A voltaic cell is an electrochemical cell that generates electrical energy from spontaneous redox reactions occurring between its two half-cells. Each half-cell consists of an electrode in contact with an electrolyte, and the cell's overall voltage is determined by the difference in the standard electrode potentials of the two electrodes.

Standard Electrode Potential

The standard electrode potential is a measure of the tendency of a chemical species to be reduced by gaining electrons under standard conditions. It is expressed in volts relative to the standard hydrogen electrode, which is assigned a potential of 0 V. Comparing these potentials allows us to predict the direction of electron flow in a cell.

Electrode Designation (Anode and Cathode)

In any electrochemical cell, the cathode is the electrode at which reduction occurs and the anode is where oxidation takes place. The electrode with the higher (more positive) reduction potential will tend to act as the cathode, while the other serves as the anode. Determining which electrode plays which role is crucial for establishing the cell’s operation and calculating its voltage.

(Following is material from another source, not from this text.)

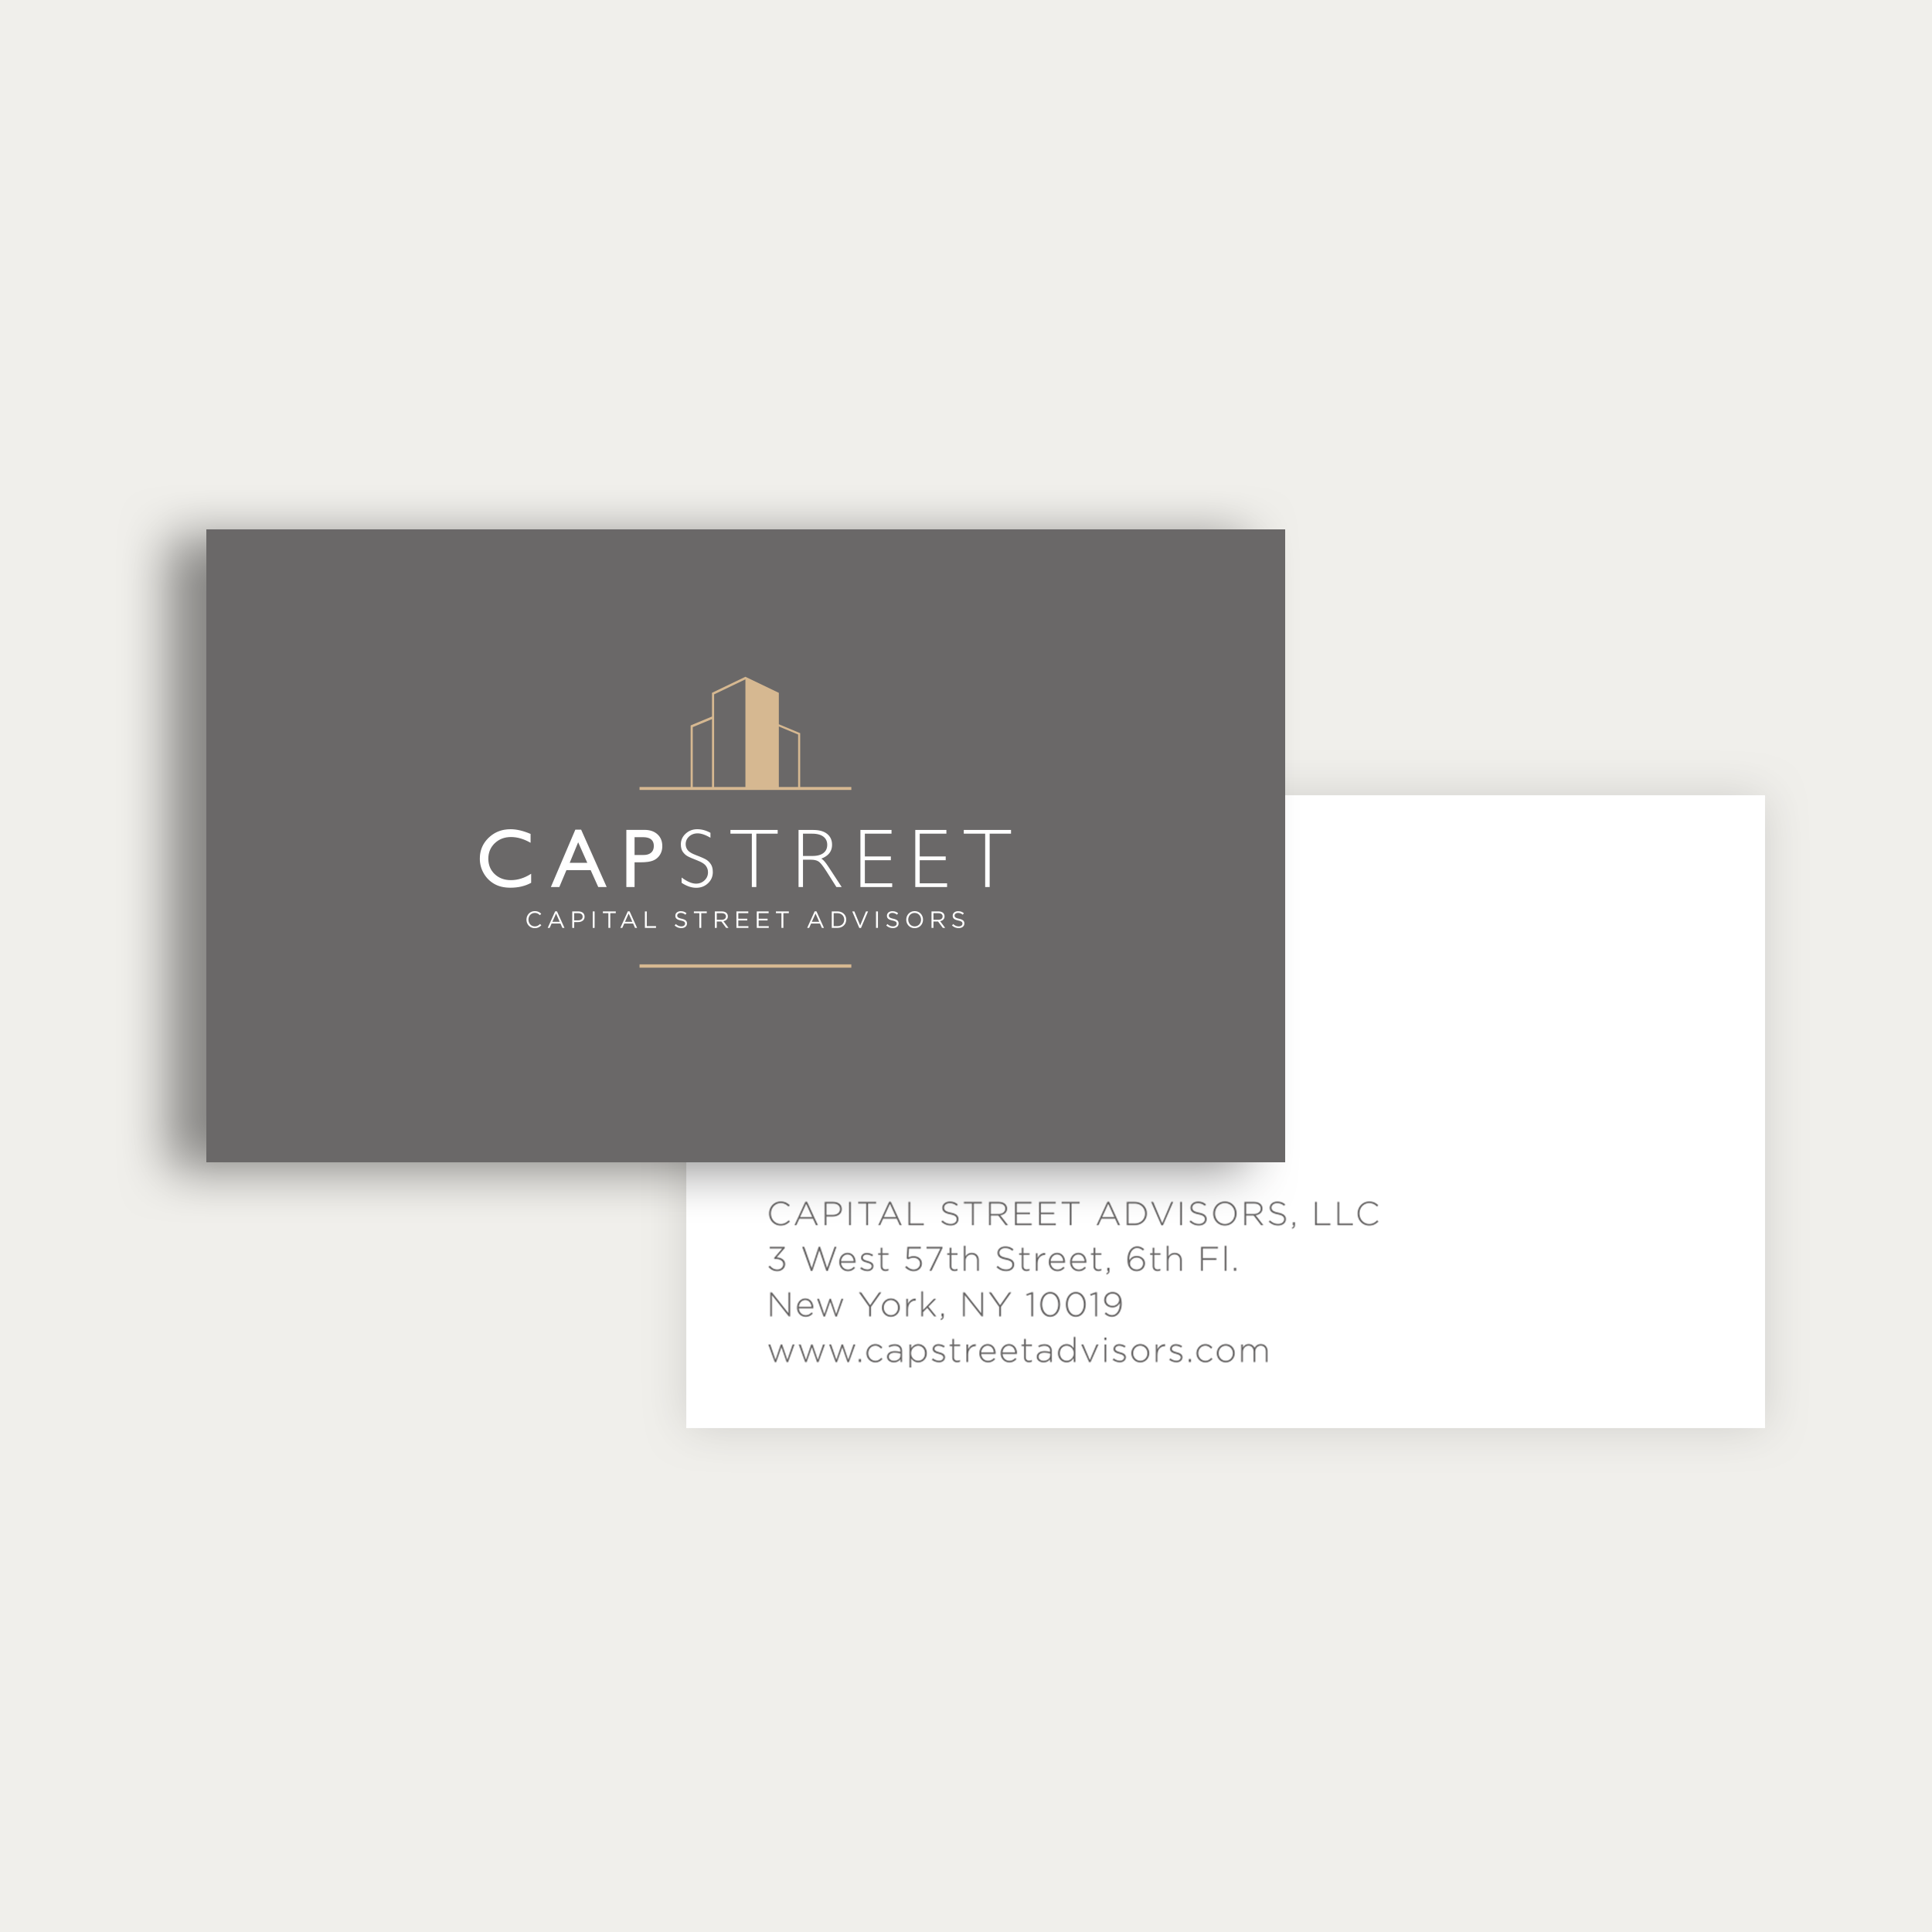 Business card design for Capital Street Advisors

Redox Reaction and Half-Cell Reactions

Redox reactions involve the transfer of electrons between species, where reduction (gain of electrons) occurs at the cathode and oxidation (loss of electrons) occurs at the anode. Each half-cell reaction can be analyzed using its standard electrode potential to determine the cell's overall reaction and electromotive force.

Cell EMF Calculation and Comparison

The electromotive force (EMF) of a cell is calculated by taking the difference between the reduction potentials of the cathode and anode. Comparing the standard reduction potentials of different electrodes, such as those involved in the given problem, helps determine which configuration produces the highest or lowest cell voltage and which electrode will serve as the cathode in the cell.

Transcript

0:00 All right.

00:01 Hello.

00:01 Today we're going to be dealing with these four half reactions and how they will react in the presence of a hydrogen electrode or a reference electrode.

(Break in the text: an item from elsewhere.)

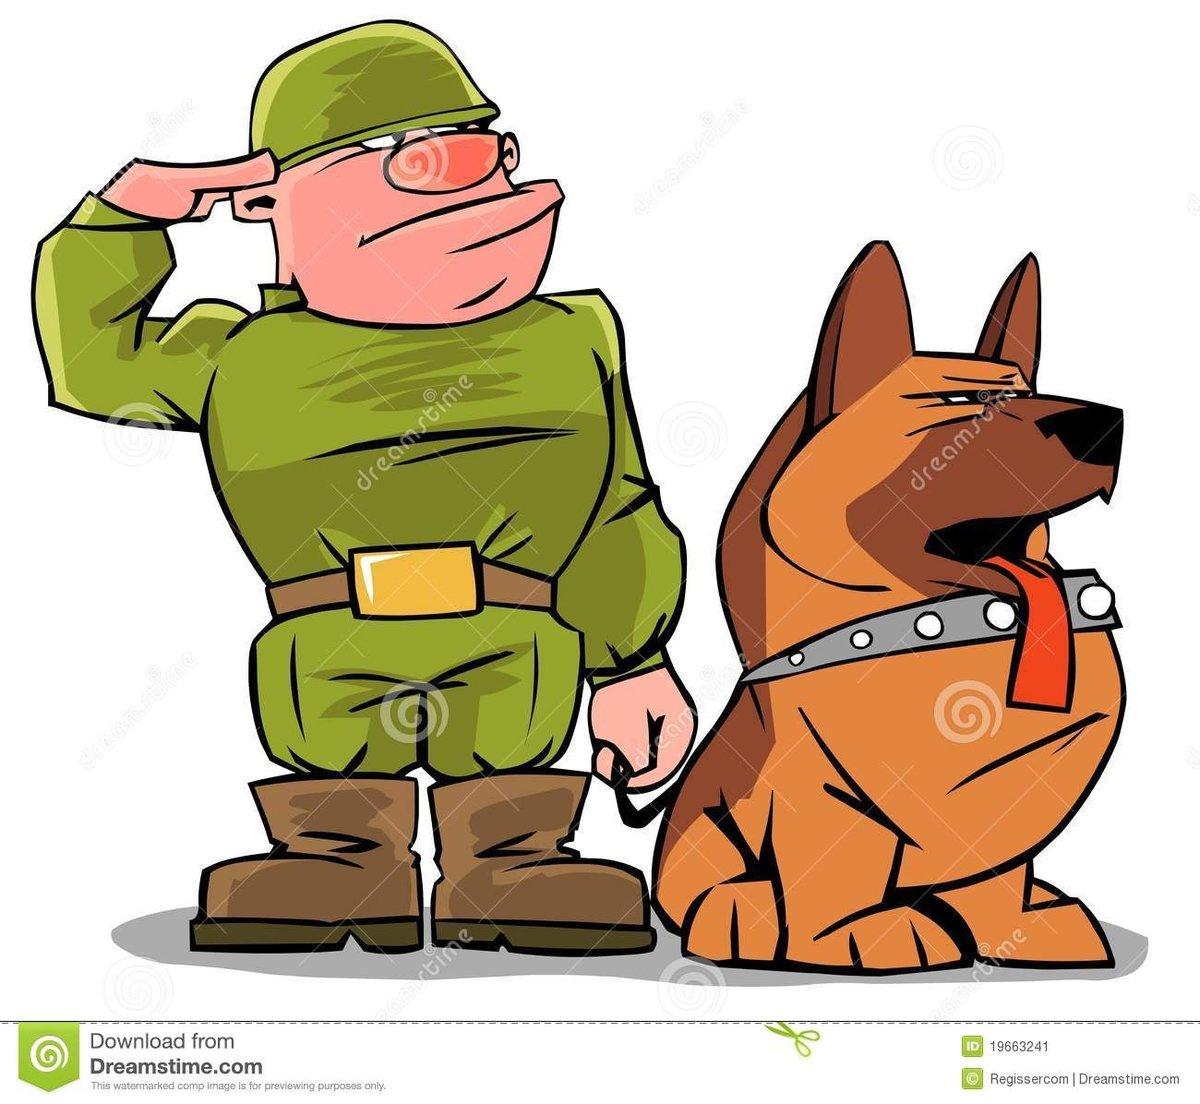 Смешные картинки пограничника с собакой

00:10 Now, hydrogen electrode is special because it has a zero potential.

00:14 We use it as a reference compared to other electrodes.

00:17 So for our first consideration, we want to know with which of these four reactions will hydrogen be the cathode? now, if this is the cathode, that means that it is getting reduced, which means that the other substances are being oxidized.

00:35 So, if we consider our e not total is going to be, if hydrogen is getting reduced, it's e not hydrogen minus our e not metal.

00:50 Right? and we need our e not total to be positive for the reaction to occur, which means that our e not total, are if this is zero, right? that means that our e not metal should be less than zero, right? that way the negative will be positive.

01:10 And that applies to here, here, and here.

01:14 Or in essence, the three chemicals, though, the three half reactions that'll act as an anode and make hydrogen act as a cathode are cr3 plus, sorry, technical difficulties.

01:28 Cr3 plus, fe2 plus, and mg2 plus.

01:37 Perfect.

01:39 Now we want to look at which cell will produce the highest potential.

01:45 So we have two considerations, either hydrogen as an anode or hydrogen as a cathode.

01:52 Now, the anode will only happen with copper, and that will have a total potential of 0 .337.

01:57 We know that because from our, because hydrogen is zero...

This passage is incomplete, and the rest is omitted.